NOTE–THIS ISSUE SHOULD NOT BE CONFUSED WITH THE GDL-C ISSUE FROM GABELLI WHICH THE INFAMOUS GRIDBIRD TALKS (TYPES) ABOUT. THAT ISSUE IS DIFFERENT FROM THIS ISSUE, BUT HAS SOME SIMILARITIES.
Leave it to Mario Gabelli and his team to come up with different varieties of preferred stock to raise cash for a closed end fund–in this case the closed end fund is the Gabelli Go Anywhere Fund (AMEX:GGO). As the name indicates the fund can own securities from any sector of the marketplace–stocks, bonds from any foreign and domestic issuers. The fund is about $55 million in size.
As we reviewed this fund it became obvious to us that the ones making out the best with this fund is the Gabelli Funds LLC as total return since inception in mid 2016 is negative–that’s hard to do with the stock market up as much as it has been over that time frame (the SP500 is up around 20%). We do note that the net asset value of the fund has been flat over the last 9 months.

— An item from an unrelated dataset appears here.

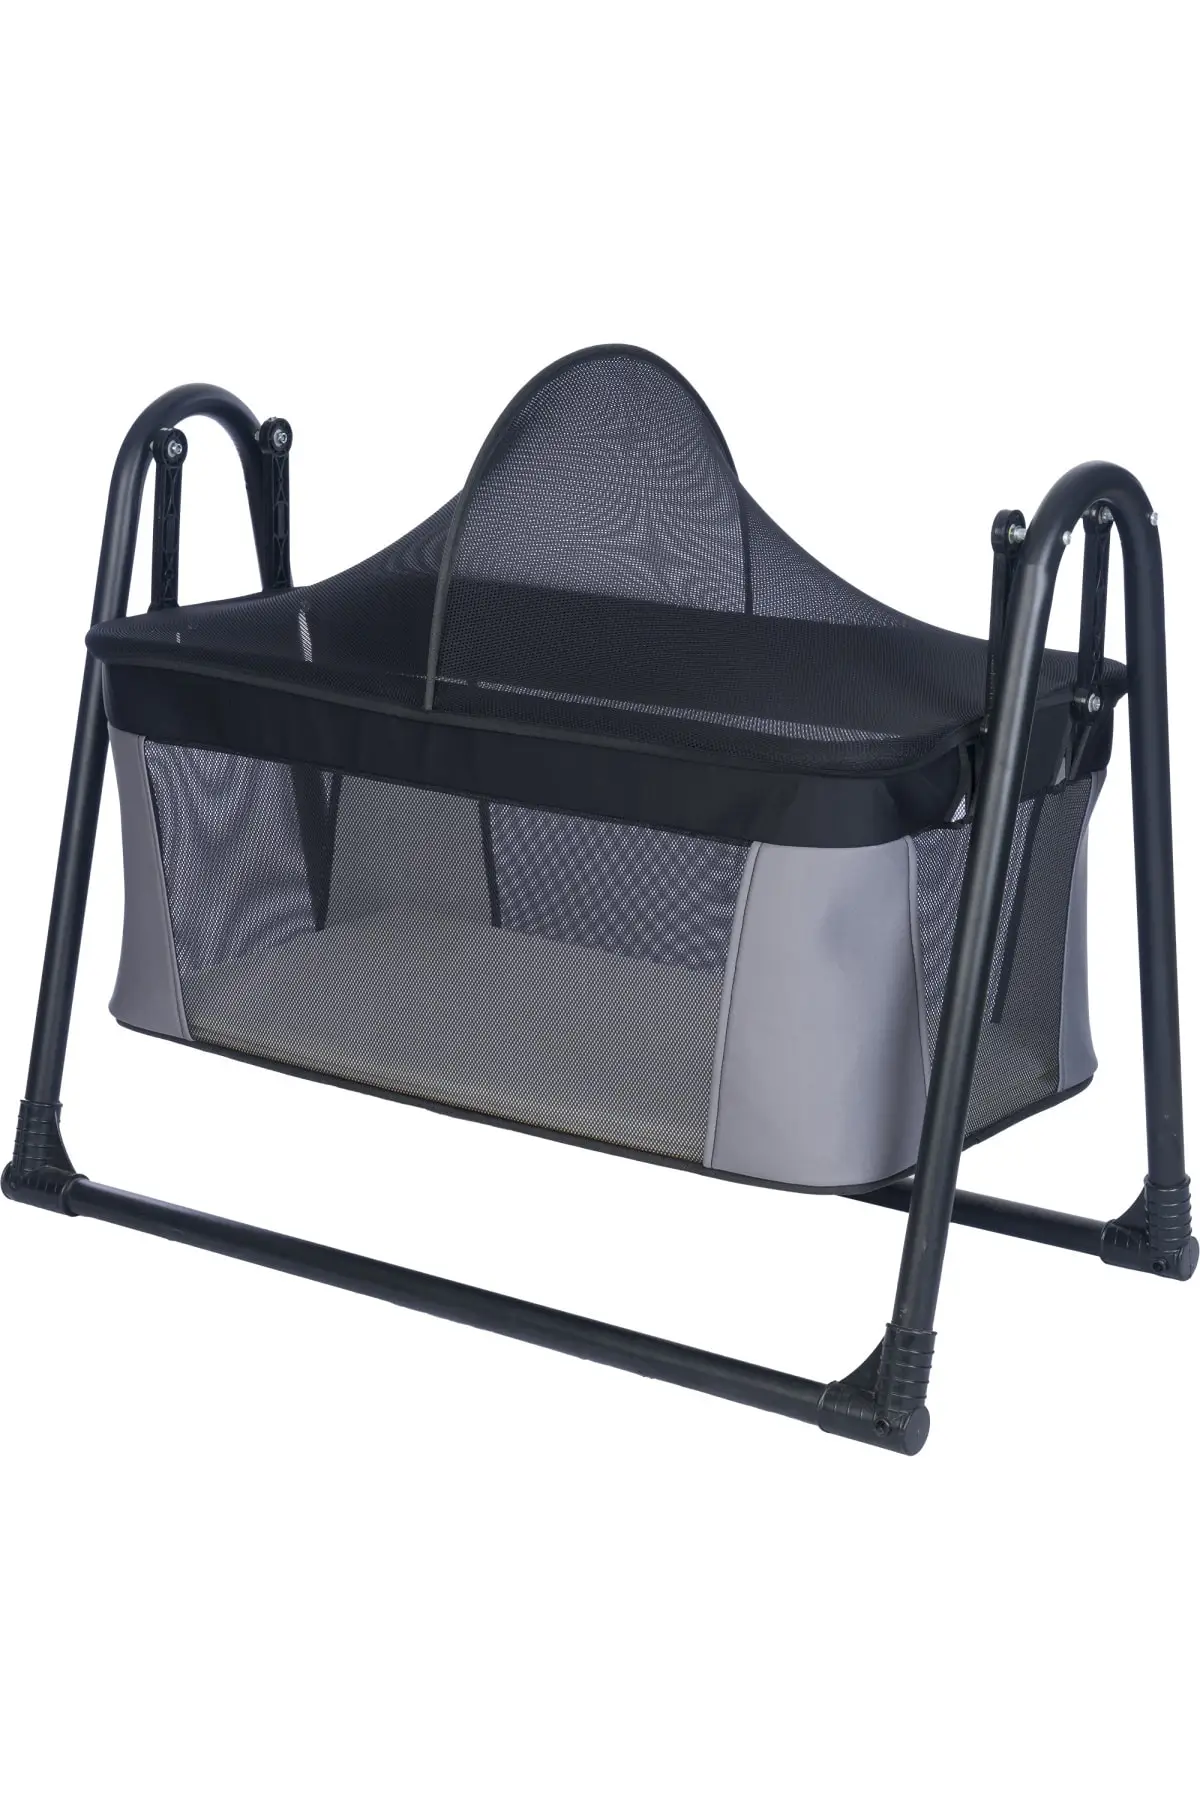 Luxury Dangle Portable Kurulumlu Basket Cradle Hammock Bed Crib
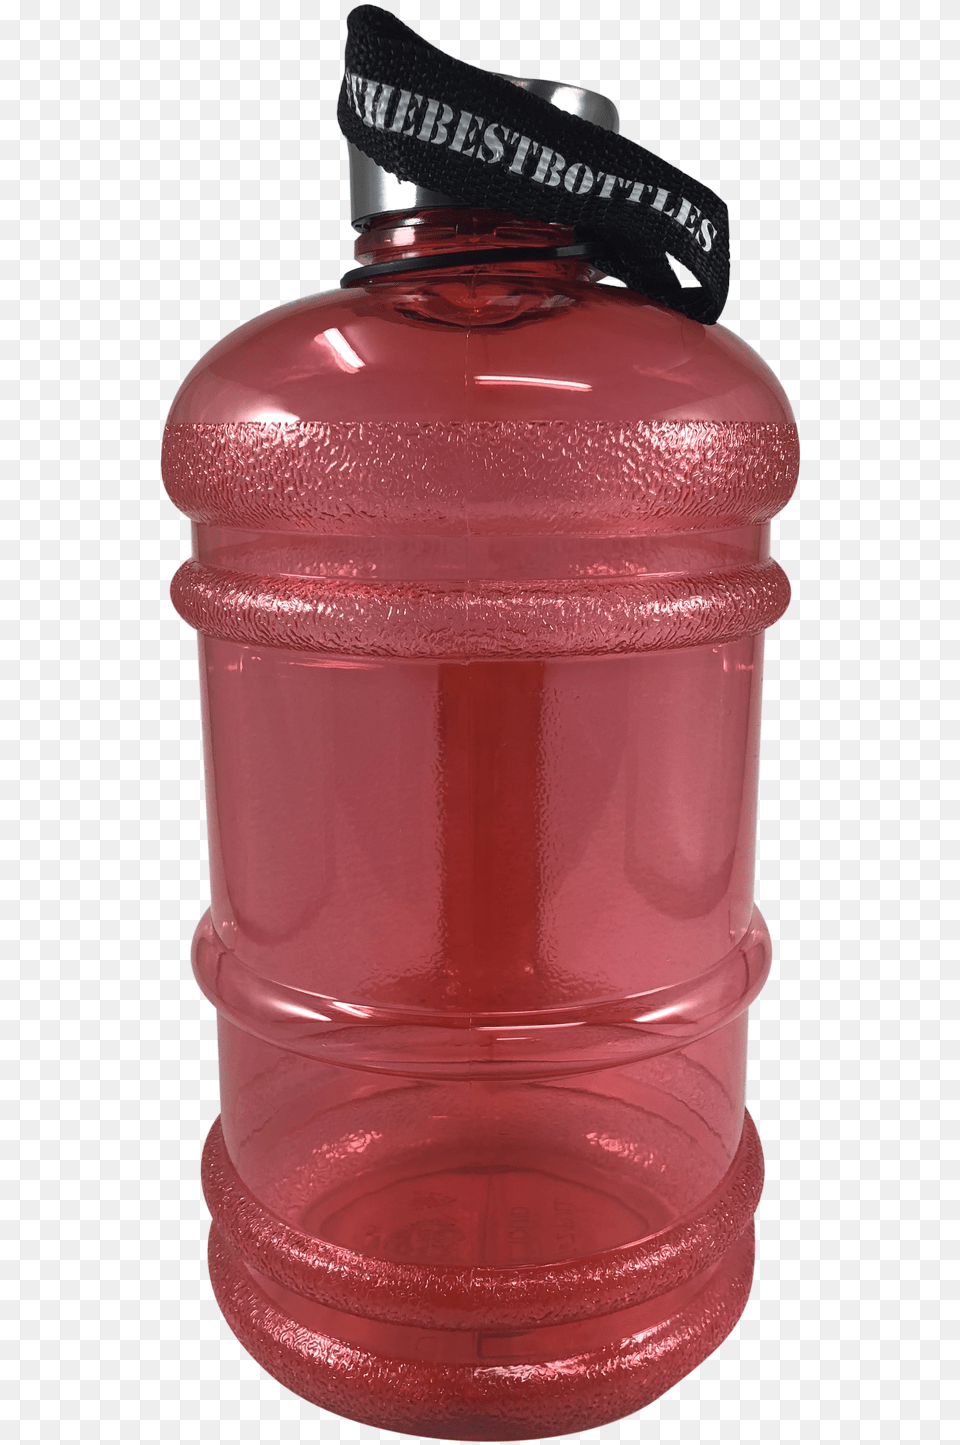 Bottle Water Bottle, Jug, Shaker, Water Bottle, Water Jug Free Png

All in all the Go Anywhere Fund is a pretty lousy CEF.
In spite of the lousy performance of the CEF they fund part of their investments with a Cumulative Puttable Preferred Stock–the preferred stock is unrated. Being a closed end fund the company is required to maintain at least a 200% asset coverage ratio on senior securities which, as a preferred stock holder, provides the safety we love.
The preferred stock was originally issued in July, 2016 as part of a combination share which was sold for $100/share. This represented 3 common shares and 1 cumulative, puttable preferred share. This combination share traded on the exchange until November, 2016 when the common and preferred shares were split and commenced independent trading.
The preferred shares traded around $54 to start, but only carry a liquidation preference of $40/share. The giant kicker was the preferred carried a 8% coupon during the 1st year. By the middle of 2017 the preferred shares had fallen to the $44-45 area as the ‘teaser’ rate was set to come to an end.
For years 2 and 3 the preferred shares pay a coupon of 5% (based on $40/share liquidation preference) meaning a 50 cent/quarter distribution. After this time the distribution will be at a rate of 200 basis points over the 10 year treasury, but NOT LESS than 5% nor more than 7%.
Holders of the preferred stock will have the option of ‘putting’ the shares to the fund at $40/share in 2019 and 2021. After the second ‘puttable’ period the shares will become perpetual preferreds with normal terms of redemption applying.
An addition factor of this preferred stock is that the CEF is required to make a tender offer for any and all common shares in 2021. If all shares were tendered the CEF would in effect be liquidated and preferred holders would be paid at $40/share.
It should be noted that this preferred issue trades “by appointment”–meaning tight limits and patience is required to purchase shares. Shares last traded at $42/share meaning a current yield of 4.8%.
We are considering trying to purchase a small 100 share sampler for the Medium Duration Income Portfolio as it fits the needs of the conservative investor. A bit more due diligence is needed before we buy.
We encourage anyone with an interest to read the offering documents which can be found here.
This is not a recommendation for anyone to purchase these shares as we don’t ever make recommendations of buy or sell to anyone (except ourselves).